Sarah: Yeah, when you were saying that, I was reminded of something I did with my daughter that I talk about a lot—making sure our children, even if they’re having social troubles or not feeling like they have friends or the friends they want—making sure they feel unconditionally loved and appreciated and delighted in and celebrated at home can be very protective, I think.
And I’ve heard adults talk about that—who were bullied—and say, “The only reason I came through it with my self-esteem intact was that my parents made me believe this wasn’t happening because there was something wrong with me.” They made me feel loved and celebrated and appreciated at home.
So I think that’s something for all of us to keep sight of too—if our kids are having friendship troubles—to do the work at home to help them.
Rachel: Yes. A thousand percent. That has nothing to do with their friends.
Sarah: Yeah.
Rachel: Yes.
Sarah: Okay, two more questions before we let you go. A question from a member who couldn’t be on the call: any advice for making future friends once they’ve gone through a mean relationship?
So this person’s child is on the other side of a difficult elementary school relationship, starting middle school at a new school, and is finding it hard—maybe she’s a little hesitant about making new friends after what she’s gone through. Any advice about that?
Rachel: I think you validate it. You validate the hesitation.
And you also say, “Hey—do you notice how many people date and break up and then start dating new people? Or get divorced and marry new people? Friendships are the same thing.”
We’re not meant to have one best friend forever—that’s a myth. People lose friends and also cut loose people that aren’t right for them.
Maybe your daughter’s been through that—but remind her we’re constantly regenerating new connections.
It’s okay to feel a little gun-shy or apprehensive. Ask, “What would make you feel more comfortable making new friends so you don’t feel like you’re exposing yourself too much?”
Again, always staying curious, inquisitive—not assuming you know what’s right because you’re the parent—but asking, “What would need to be true for you to feel comfortable making this new friendship?”
Maybe she’s not comfortable socializing one-on-one outside of school for a long time and wants to keep it to school. That’s okay.
So being flexible and kind of flexing to where your child is, while also holding the line about the importance of continuing to connect—that’s important.

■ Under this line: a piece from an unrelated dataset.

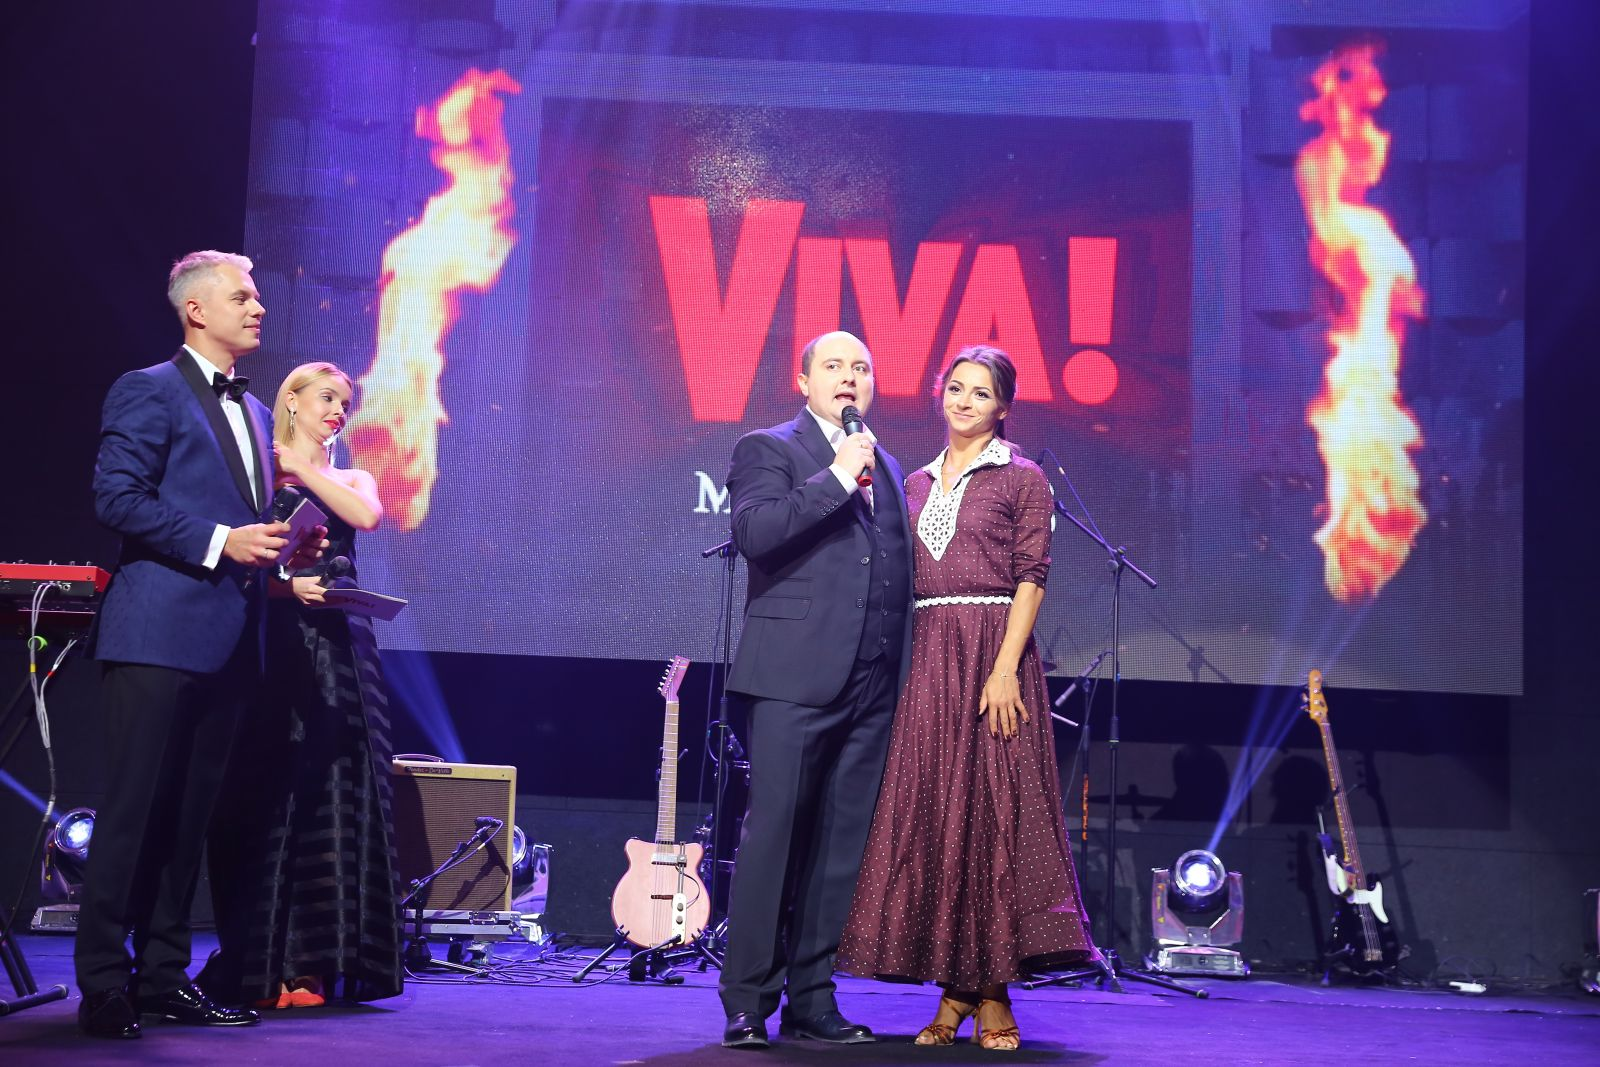 Сказка ожила: в Киеве прошел грандиозный

Sarah: Love that. My final question to you is one I ask all my podcast guests—and you can answer this in any context, not just what we were talking about today—but if you had a time machine and could go back to your younger parent self, what advice would you give yourself?
Rachel: Oh my God, so much. Don’t let your kid have YouTube as early as you did. That would be the first one.
I guess I’d say that feeling out of control is normal—and you’ve got to learn to breathe through that more. Yelling isn’t going to give you anything but a false sense of control, and it’s just going to upset your kid.
That’s the truth of it. I think I would’ve yelled less if I’d been more comfortable with the discomfort—feeling like things were out of control and I couldn’t manage or have the solution for something.
Sarah: Love that. Thank you so much for joining us. Where’s the best place for folks to find out more about you and what you do?
Rachel: Find me at rachelsimmons.com.
Sarah: All right. Thank you so much, Rachel.
Rachel: Thank you so much. Thanks for having me. Great questions.